Doing the computation near the data is almost always a performance win, as the latencies to get the data are minimal. In a typical data-intensive computation, most of the time is spent in getting the data. Therefore, making data access inside the computation faster is the best way to make the whole thing fast. On my laptop, it takes 2.2 ms to query one random row from a 1,000,000-row database into the client, but it takes only 0.12 ms to get the data inside the database. This is 20 times faster and inside the same machine over Unix sockets. The difference can be bigger if there is a network connection between the client and the server.
A small real-word story:
A friend of mine was called to help a large company (I'm sure all of you know it, but I can't tell you which one) in order to make its e-mail sending application faster. They had implemented their e-mail generation system with all the latest Java EE technologies: first, getting the data from the database, passing the data around between services, and serializing and deserializing it several times before finally doing XSLT transformation on the data to produce the e-mail text. The end result being that it produced only a few hundred e-mails per second, and they were falling behind with their responses.
When he rewrote the process to use a PL/Perl function inside the database to format the data and the query returned already fully-formatted e-mails, it suddenly started spewing out tens of thousands of e-mails per second and they had to add a second copy of the sent mail to actually be able to send them out.
If all the data manipulation code is in a database, either as database functions or views, the actual upgrade process becomes very easy. All that is needed is to run a DDL script that redefines the functions; all the clients automatically use the new code with no downtime and no complicated coordination between several frontend systems and teams.
Server-side functions are perhaps the best way to achieve code reuse. Any client application written in any language or framework can make use of the server-side functions, ensuring maximum reuse in all environments.

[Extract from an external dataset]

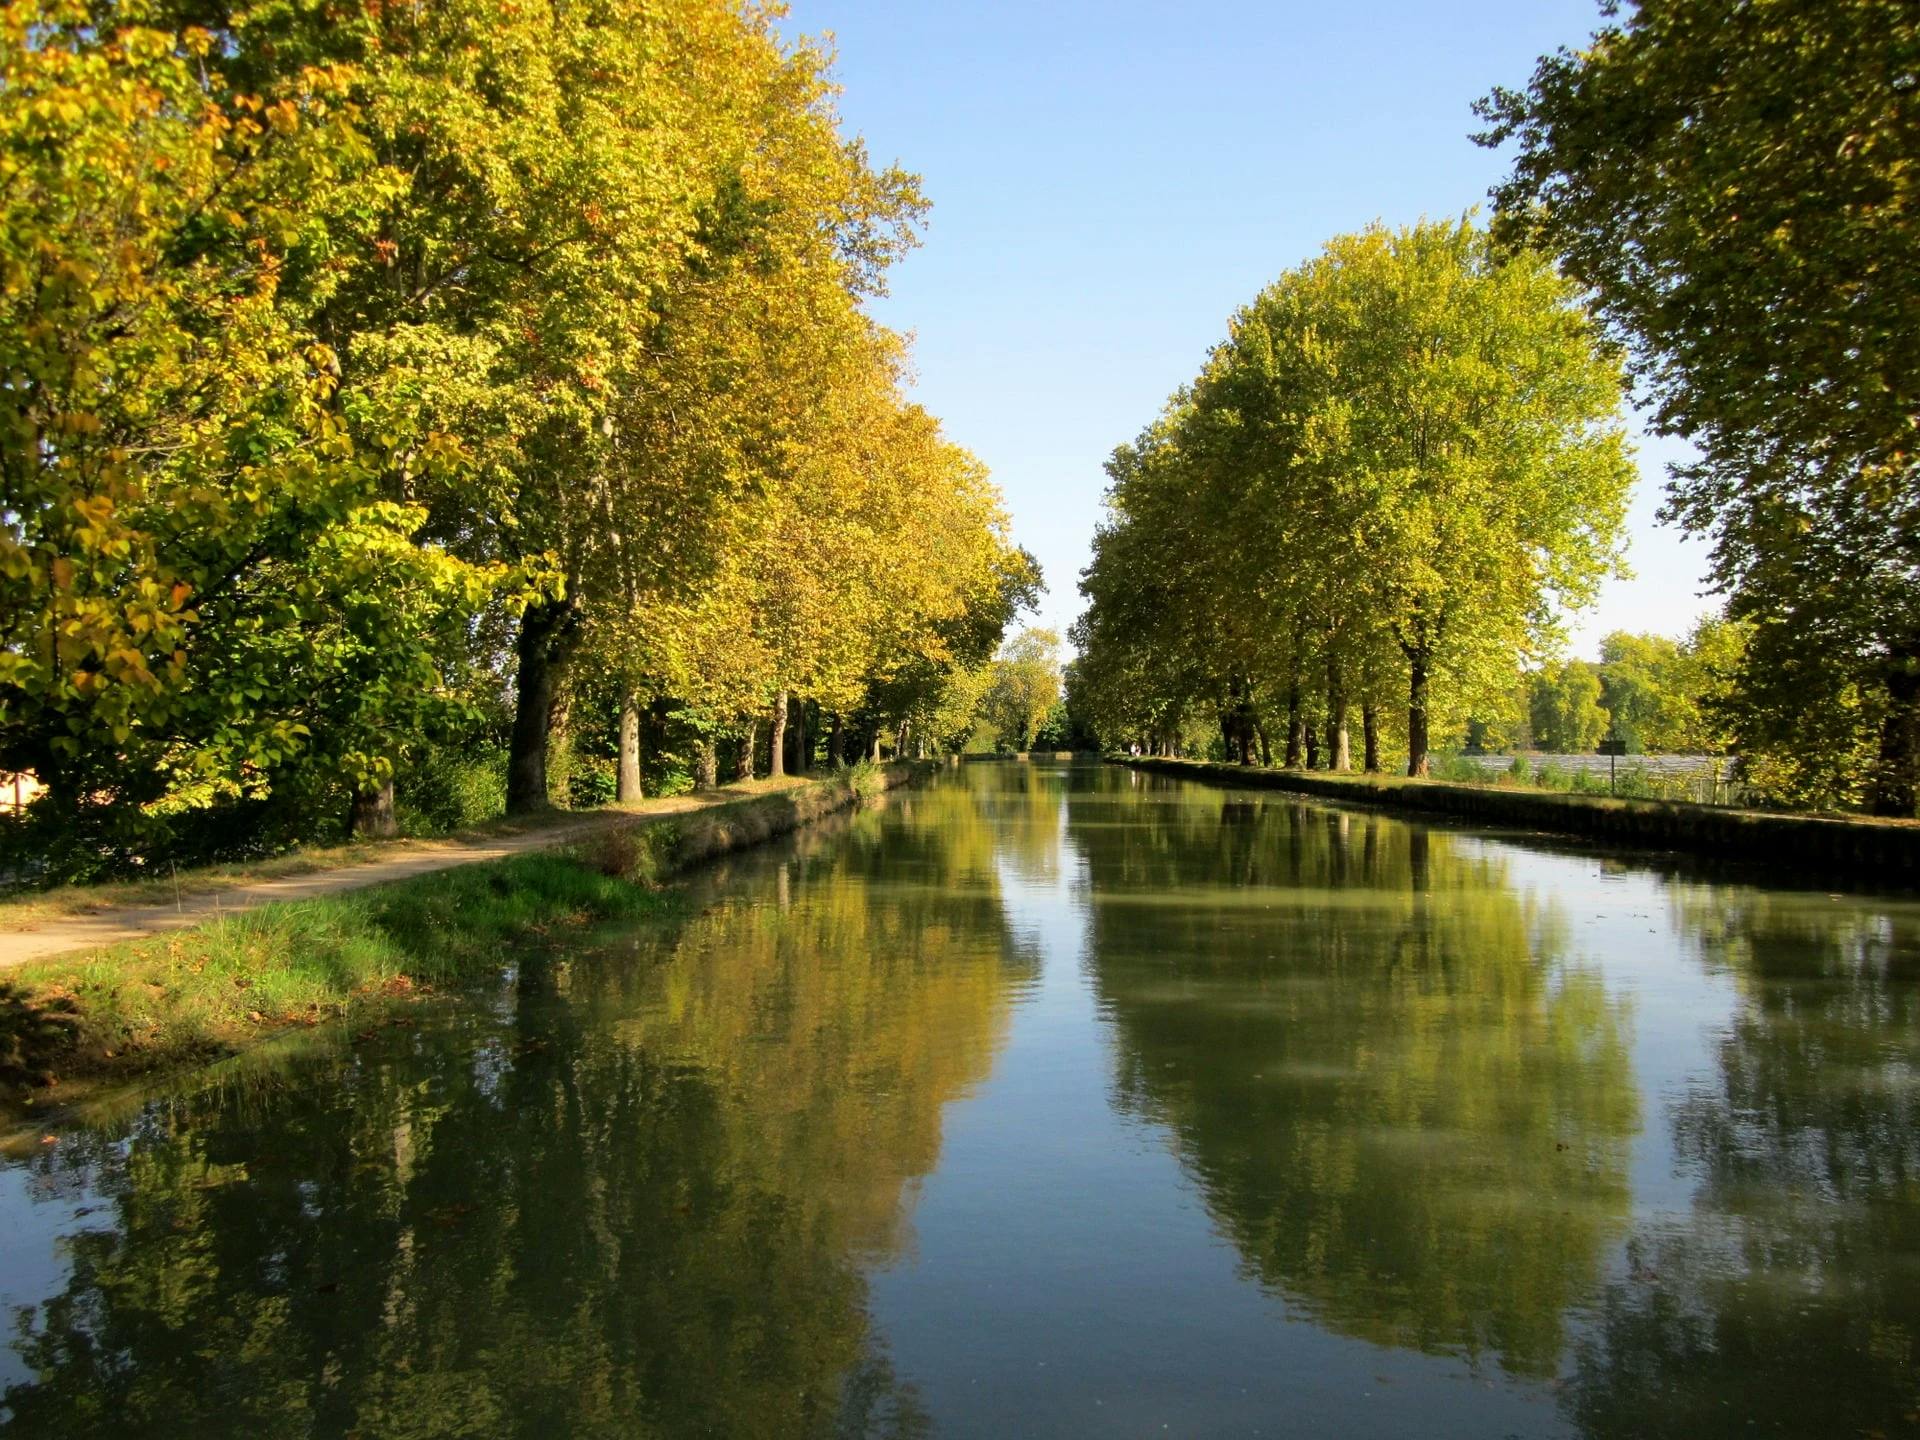 the-canal-de-la-garonne-from-bordeaux-to-toulouse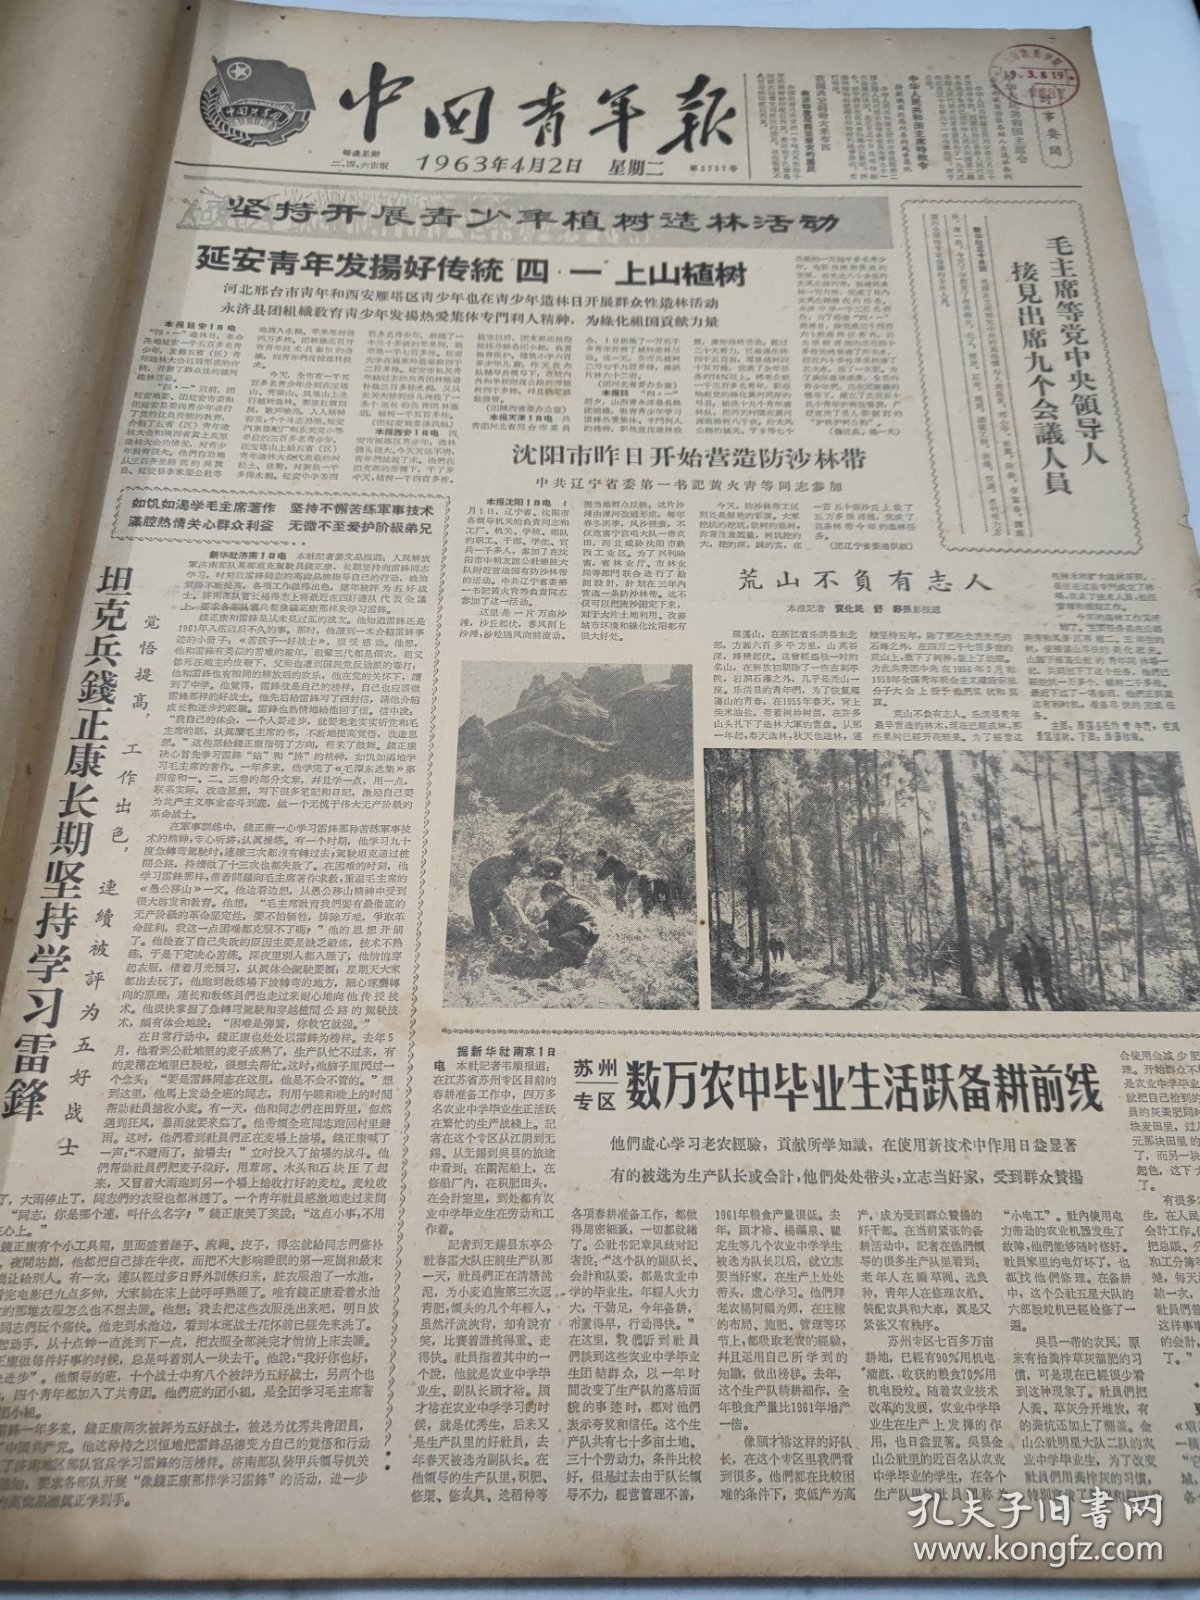 中国青年报1963年4月2日到6月29日

If all the access for some possibly insecure servers goes through functions, the database user of these servers can only be granted access to the needed functions and nothing else. They can't see the table data or even the fact that these tables exist. So, even if the server is compromised, all it can do is continue to call the same functions. Also, there is no possibility of stealing passwords, e-mails, or other sensitive information by issuing its own queries such as
SELECT * FROM users; and getting all the data there is in the database.

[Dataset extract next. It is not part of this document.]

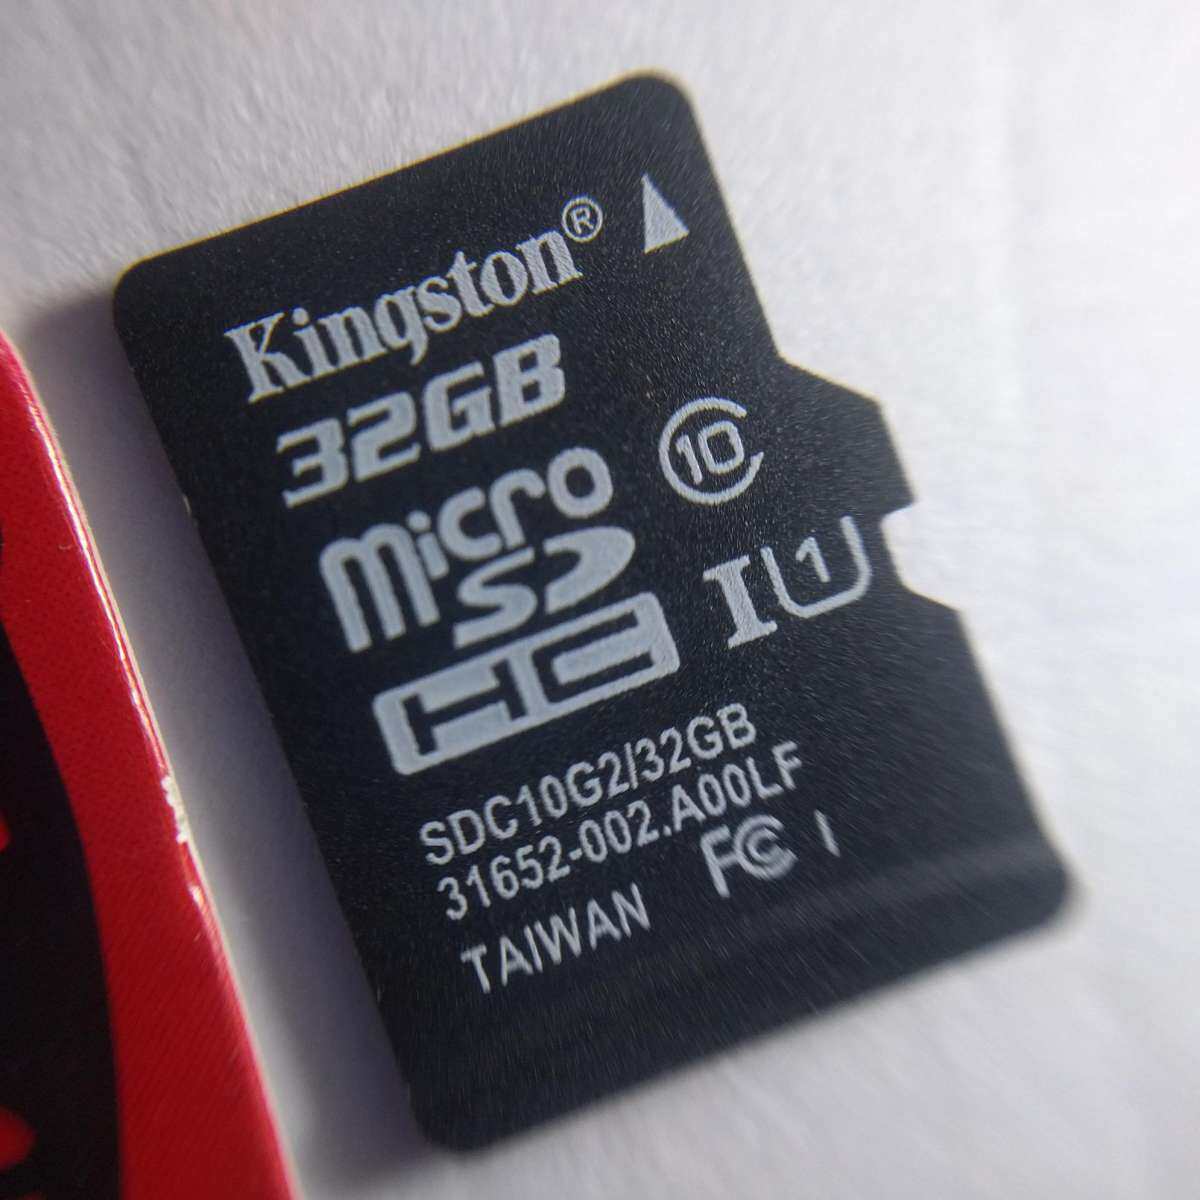 ภาพประกอบของ สินค้าพร้อมส่ง  [[ของแท้]]เมมเพิ่มพื้นที่ความจำ Kingston 32GB Class 10 Micro SD SDHC คิงส์ตัน เมมโมรี่การ์ด 32 GB

Also, the most important thing is that programming in a server is fun!
Programming inside the database server is not always the first thing that comes to mind to many developers, but its unique placement inside the application stack gives it some powerful advantages. Your application can be faster, more secure, and more maintainable by pushing logic into the database. With server-side programming in PostgreSQL, you can secure your data using functions, audit access to your data and structural changes using triggers, and improve productivity by achieving code reuse. Also, you can enrich your data using custom data types, analyze your data using custom operators, and extend the capabilities of the database by dynamically loading new functions.
This is just the start of what you can do inside PostgreSQL. Throughout the rest of this book, you will learn many other ways to write powerful applications by programming inside PostgreSQL.